▶ _Exercise prompt_
Output the data verbatim, minus the images.

▶ _Data block_
---+---
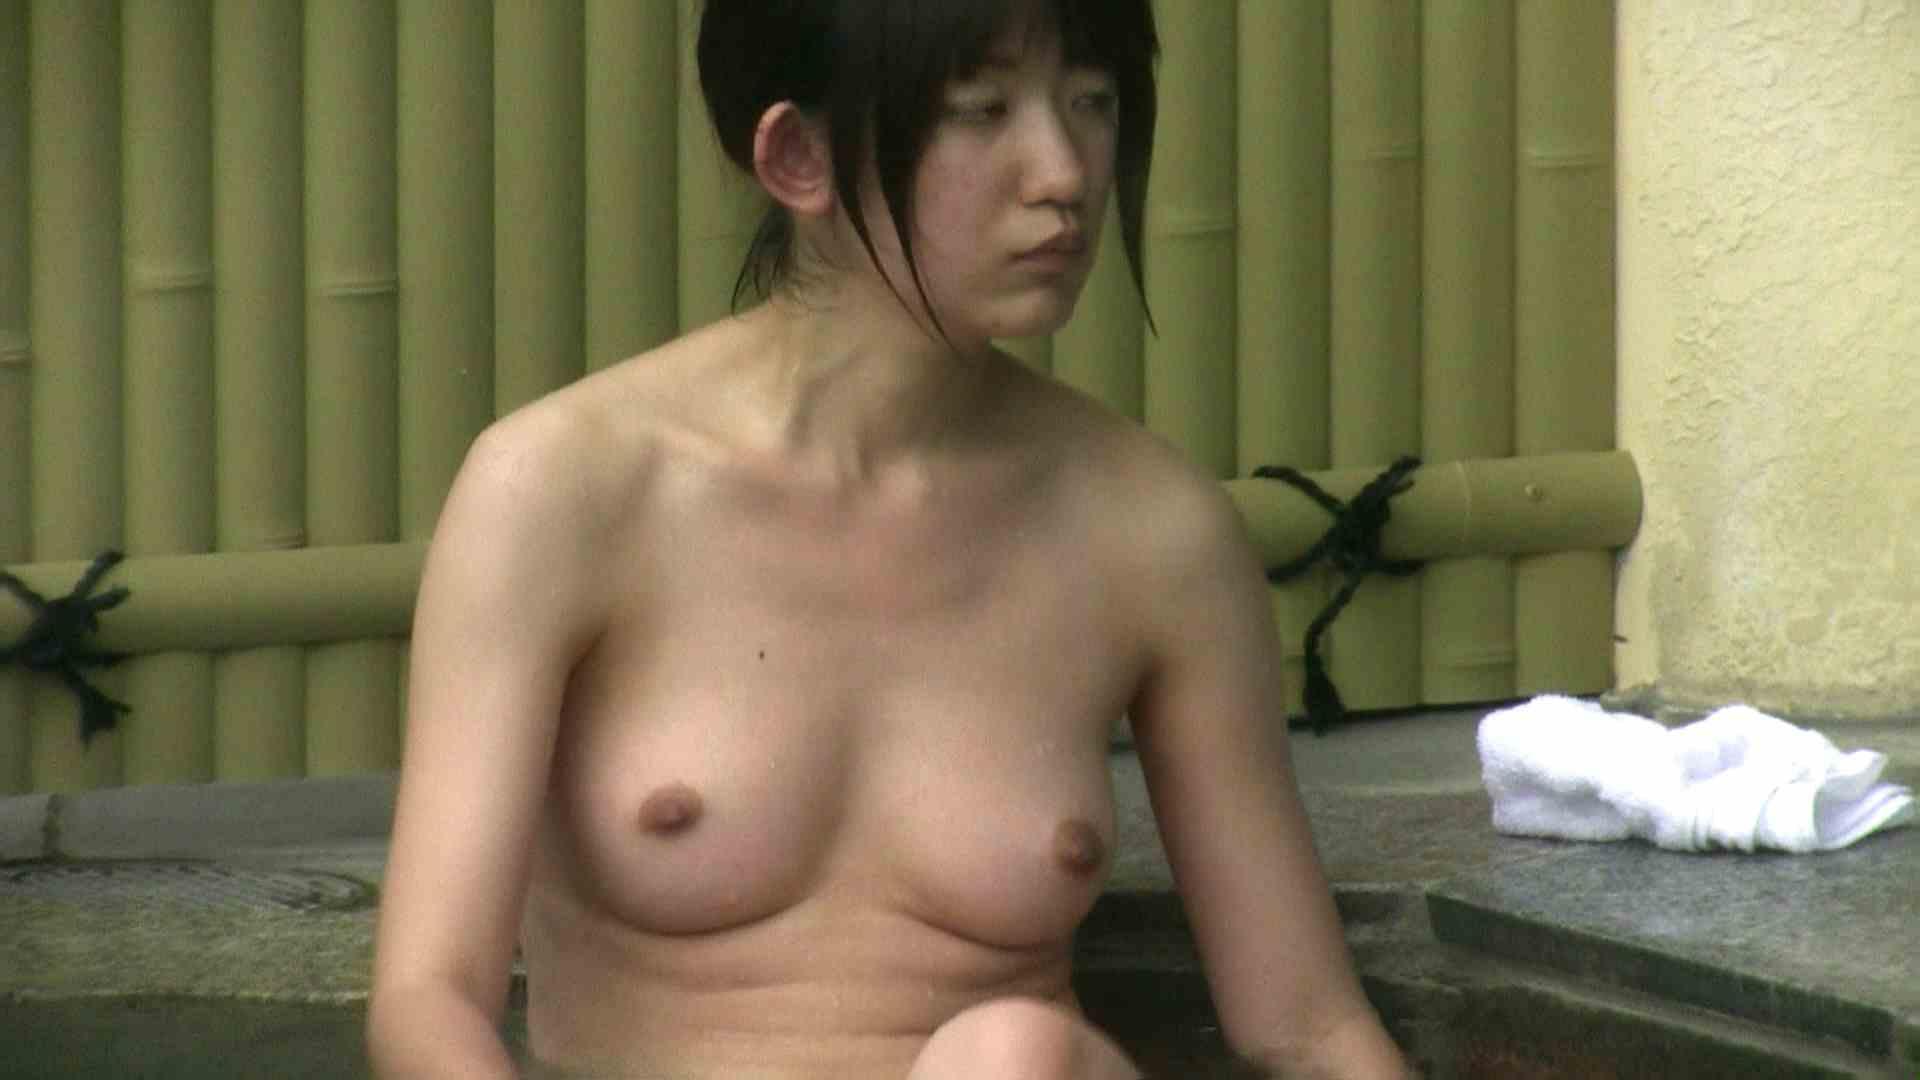 Aquaな露天風呂Vol.34【VIP】 盗撮シリーズ | 露天風呂編  99PIX 59
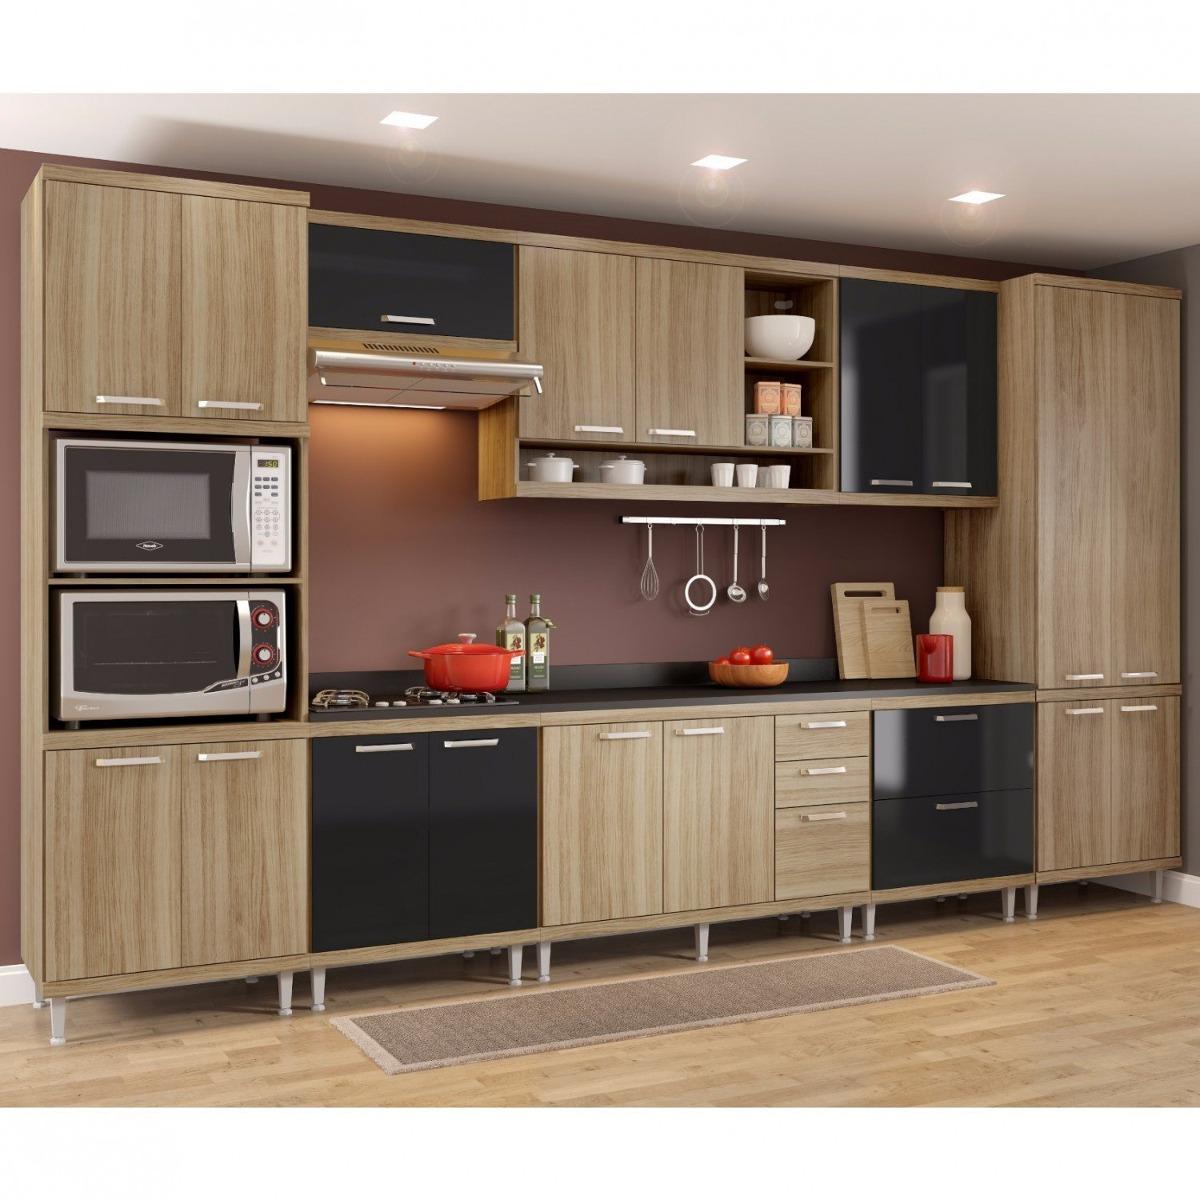 Cozinha Completa 9 Pe As Sic Lia S16t Multim Veis Gd R 3 099 90
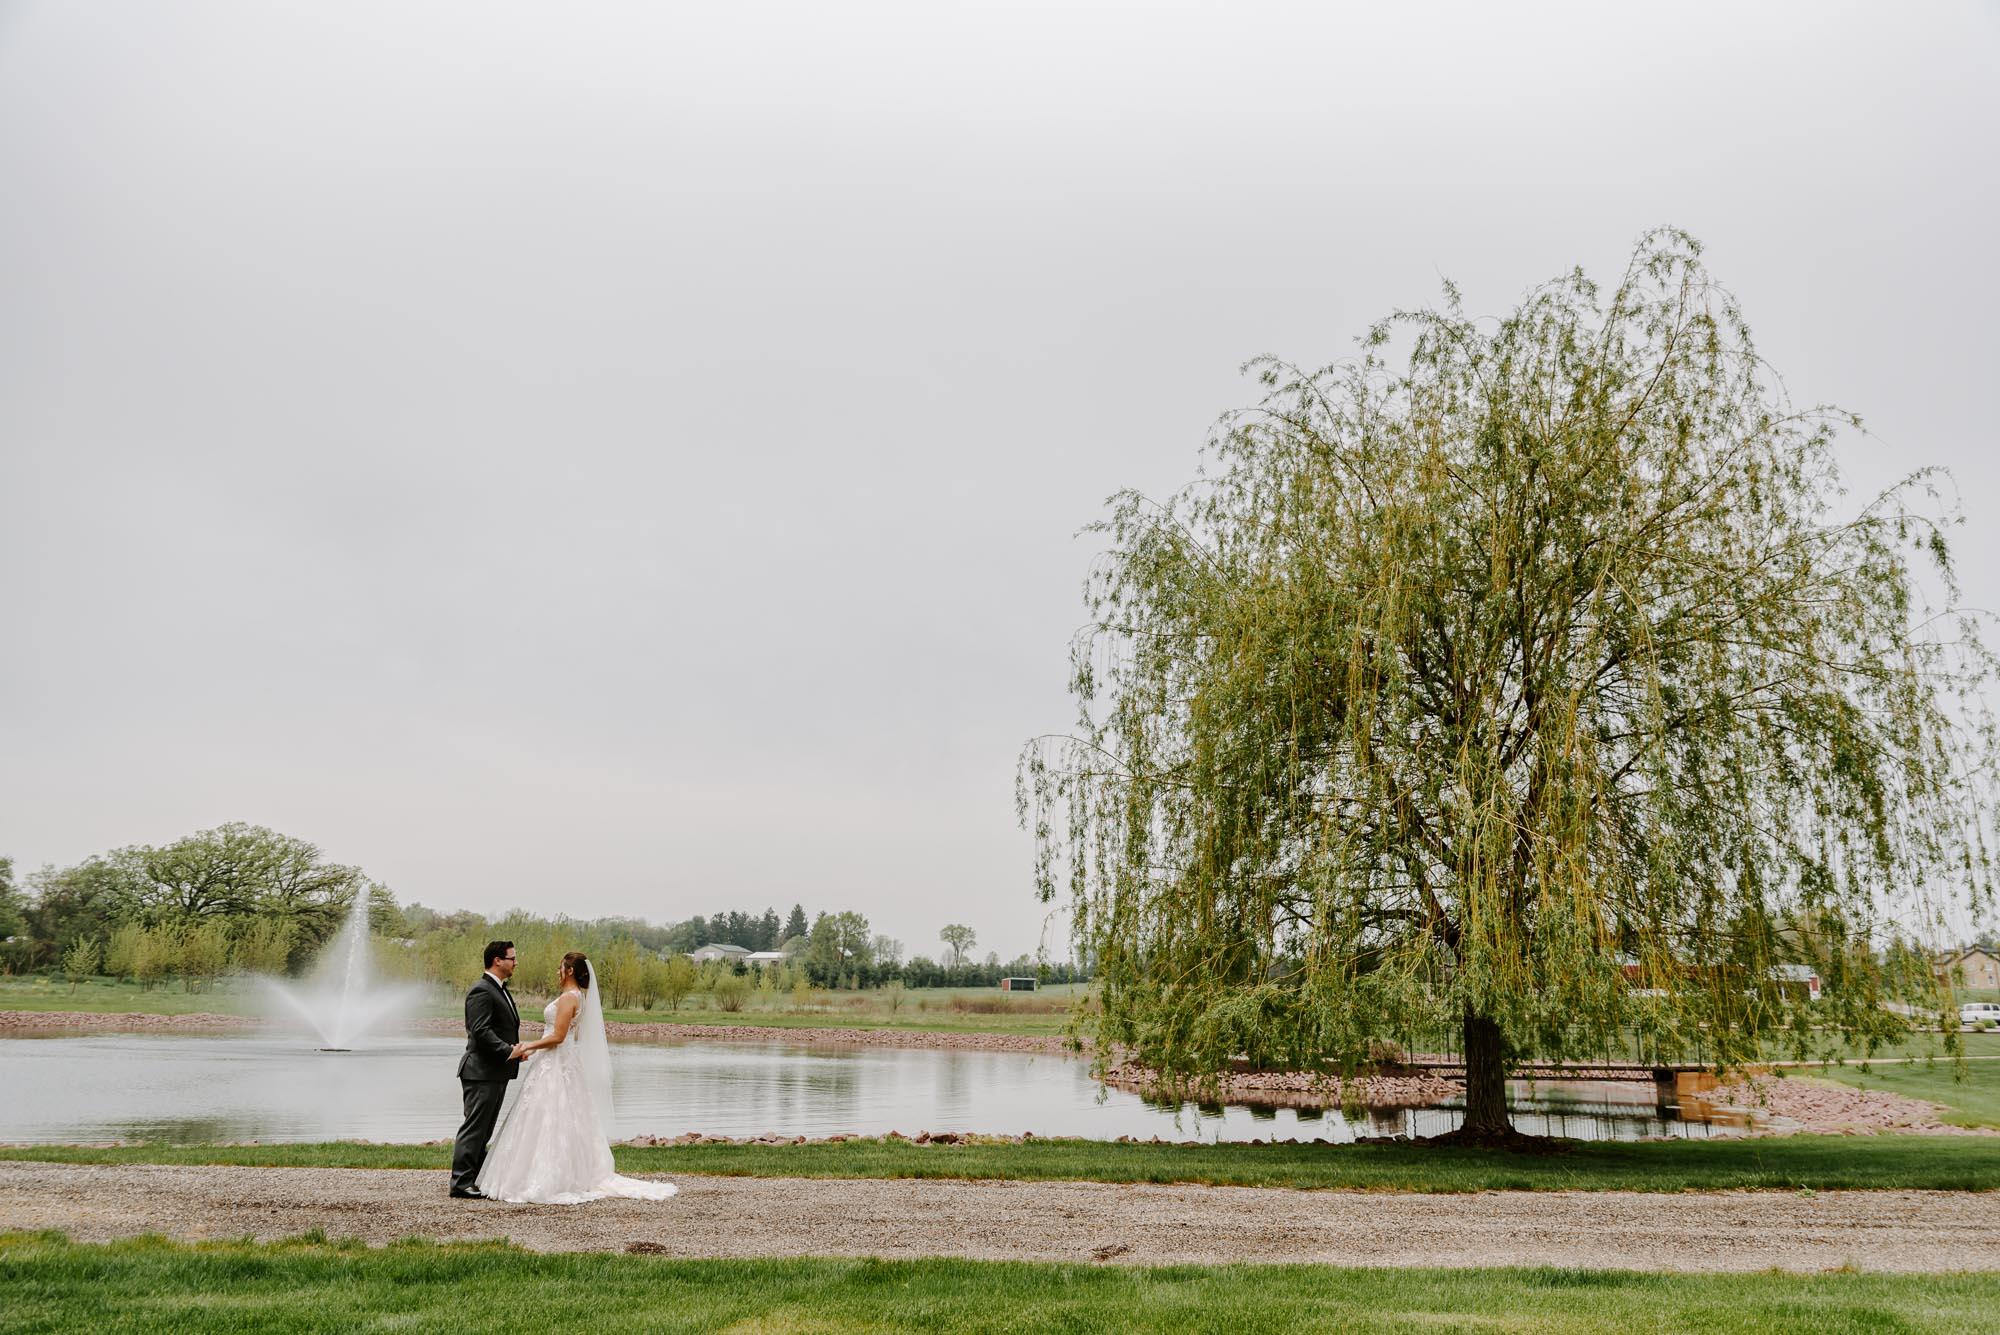 orchard-farms-pavillion-wedding-rockton-IL-wedding-photographers-97.jpg
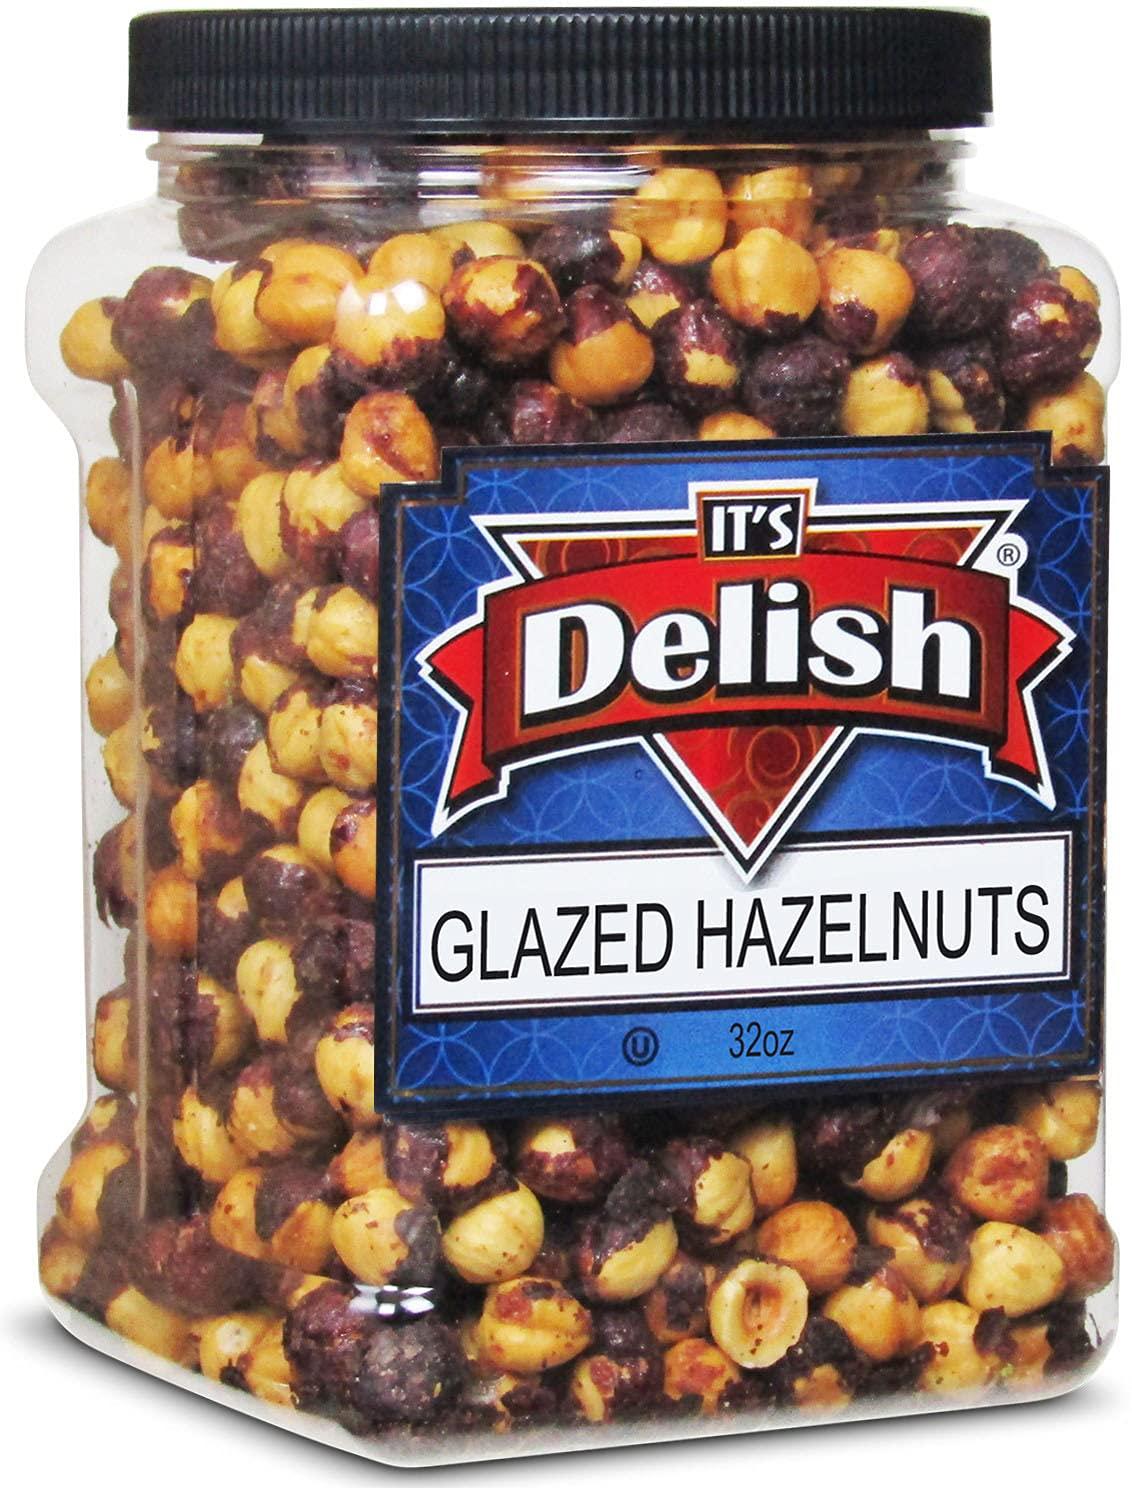 Gourmet Glazed Hazelnuts by Its Delish Con Jumbo Reusable 30 Ranking TOP18 Oz Import
---+---
▶ _Response for this exercise_
 Aquaな露天風呂Vol.34【VIP】 盗撮シリーズ | 露天風呂編  99PIX 59
 Cozinha Completa 9 Pe As Sic Lia S16t Multim Veis Gd R 3 099 90
 orchard-farms-pavillion-wedding-rockton-IL-wedding-photographers-97.jpg
 Gourmet Glazed Hazelnuts by Its Delish Con Jumbo Reusable 30 Ranking TOP18 Oz Import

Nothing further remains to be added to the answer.